И мне понравилось сниматься, я понял, что у меня это получается. «Бакенбарды» подогрели мои амбиции, подкормили мое самолюбие. Я сказал себе: «Ты пригодился! У тебя может еще все получиться — давай! Но для этого ты должен быть трезвым, собранным, здоровым и — главное — интересным!» Это первое. А во-вторых, если бы не «Бакенбарды», я бы не оказался однажды на «Ленфильме», не познакомился с молодым Алексеем Балабановым и не попал на главную роль в его дебютной картине «Счастливые дни», пройдя тяжелейший отбор.

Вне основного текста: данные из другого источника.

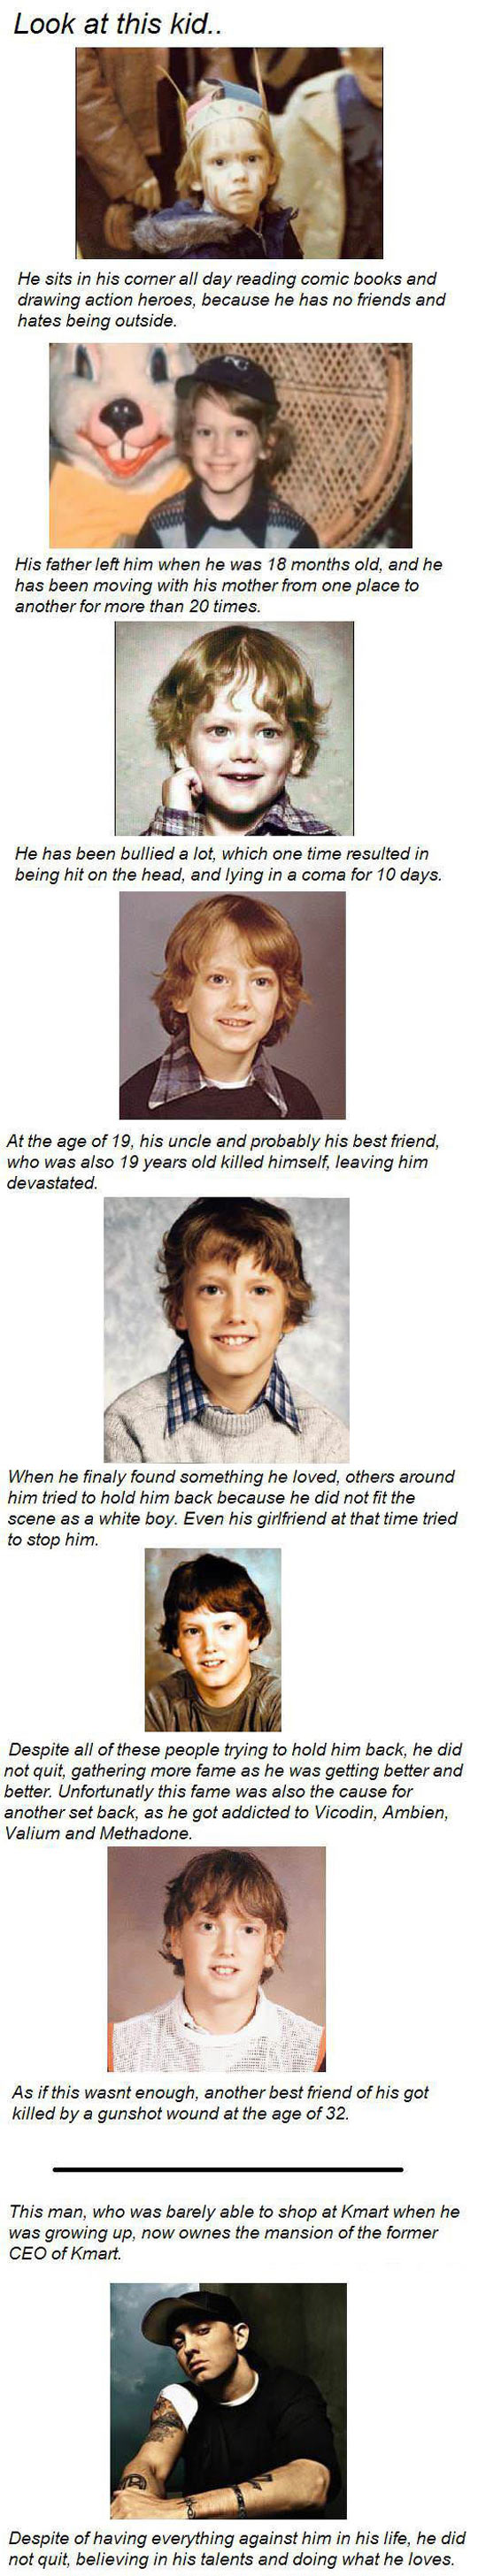 funny-Eminem-story-kid-bullying-friends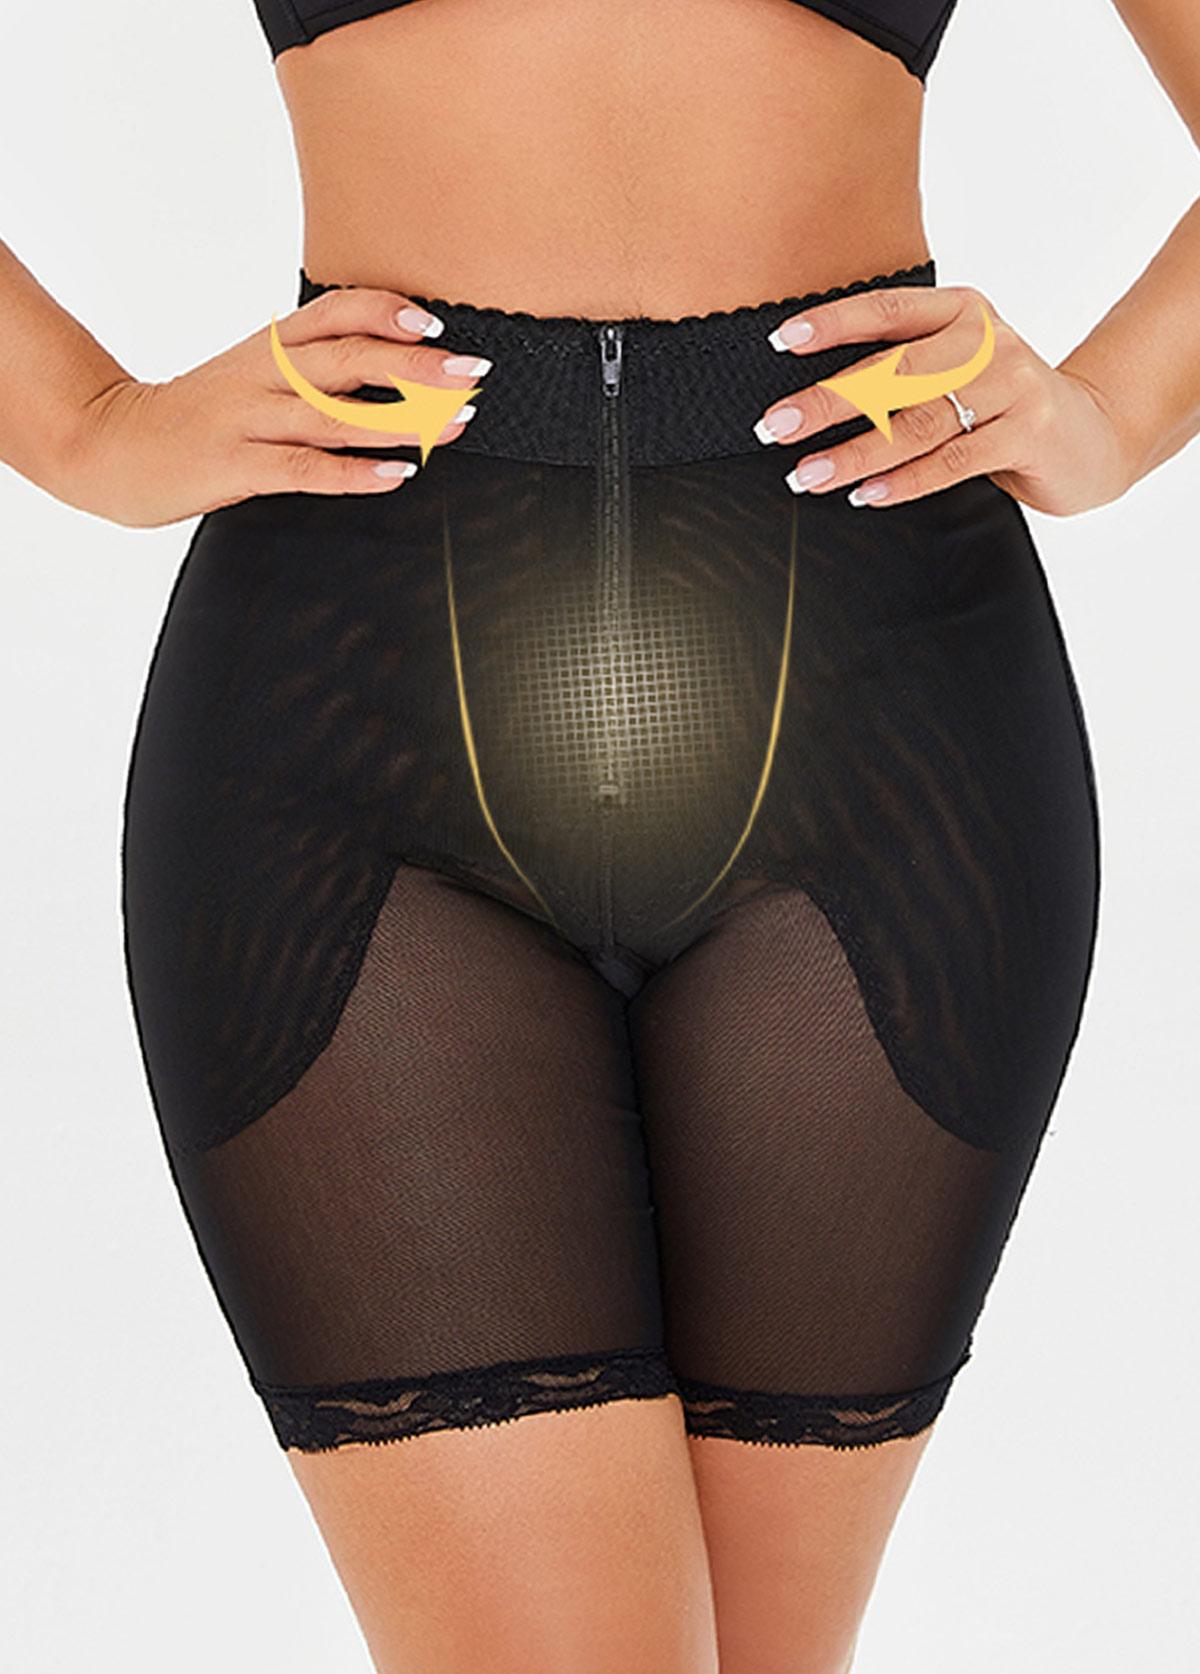 High Waist Black Semi Sheer Panties

— Вы никогда не рассказываете о своих первых ролях в кино. Я имею в виду ленту «С тобой и без тебя»…
— Рассказываю. Я назвал этот фильм первым в своей фильмографии по одной причине – потому что я участвовал. Другое дело, что режиссер Нахапетов вырезал меня. Но я же был двое суток в этом павильоне, наблюдал, как начинала сниматься Печерникова, а потом ее заменила Неелова, как все уходили обедать, а молодой Родион Нахапетов в черном пиджачке и красной рубашечке бродил по павильону и, видимо, обдумывал свои дальнейшие шаги. Я не называю другие фильмы, где я пробовался, но участвовать не повезло. Такие, как «Звонят, откройте дверь!» Александра Митты или «Молодые».
Кстати, совсем недавно, на одном из фестивалей, Митта вспомнил во мне мальчишку в штанишках с заплатками и признался: «Мы ведь хотели тебя снимать. Но директор меня отговорил: мол, на хера нам этот мальчишка из Орехова-Зуева?! Придется же машину гонять – два часа туда, два обратно. Нужна тебе эта головная боль?» И добавил: «Я счастлив, я горд, что тогда в тебе не ошибся!»
А самый первый фильм, где мое лицо показали на экране, был фильм «Ювелирное дело» (1983 год), в котором я сыграл бандита. Но все равно свой отсчет я веду с «Бакенбардов».
«ЗНАЧИТ, ВТОРОГО ТАКОГО НЕТУ»
— Байка или нет, будто бы Владимир Бортко, снимая вас в одной из серий «Бандитского Петербурга», сокрушался, что не знал Сухорукова, когда искал по всей стране Шарикова в картину «Собачье сердце».
— Он мне об этом сказал на озвучании. А я ответил, что был в это время совсем рядом — играл в театре массовку и числился в картотеке «Ленфильма».
— Шариков — ваша роль?
— Я бы сыграл, и сыграл бы не лучше, не хуже, но по-другому. Толоконников сделал Шарикова «барбосом», а я сыграл бы его полубарбосом-полушавкой. Этакую гниду в ботах, человека подленького и любящего танцевальный кружок, но в семейных трусах. (Смеется.)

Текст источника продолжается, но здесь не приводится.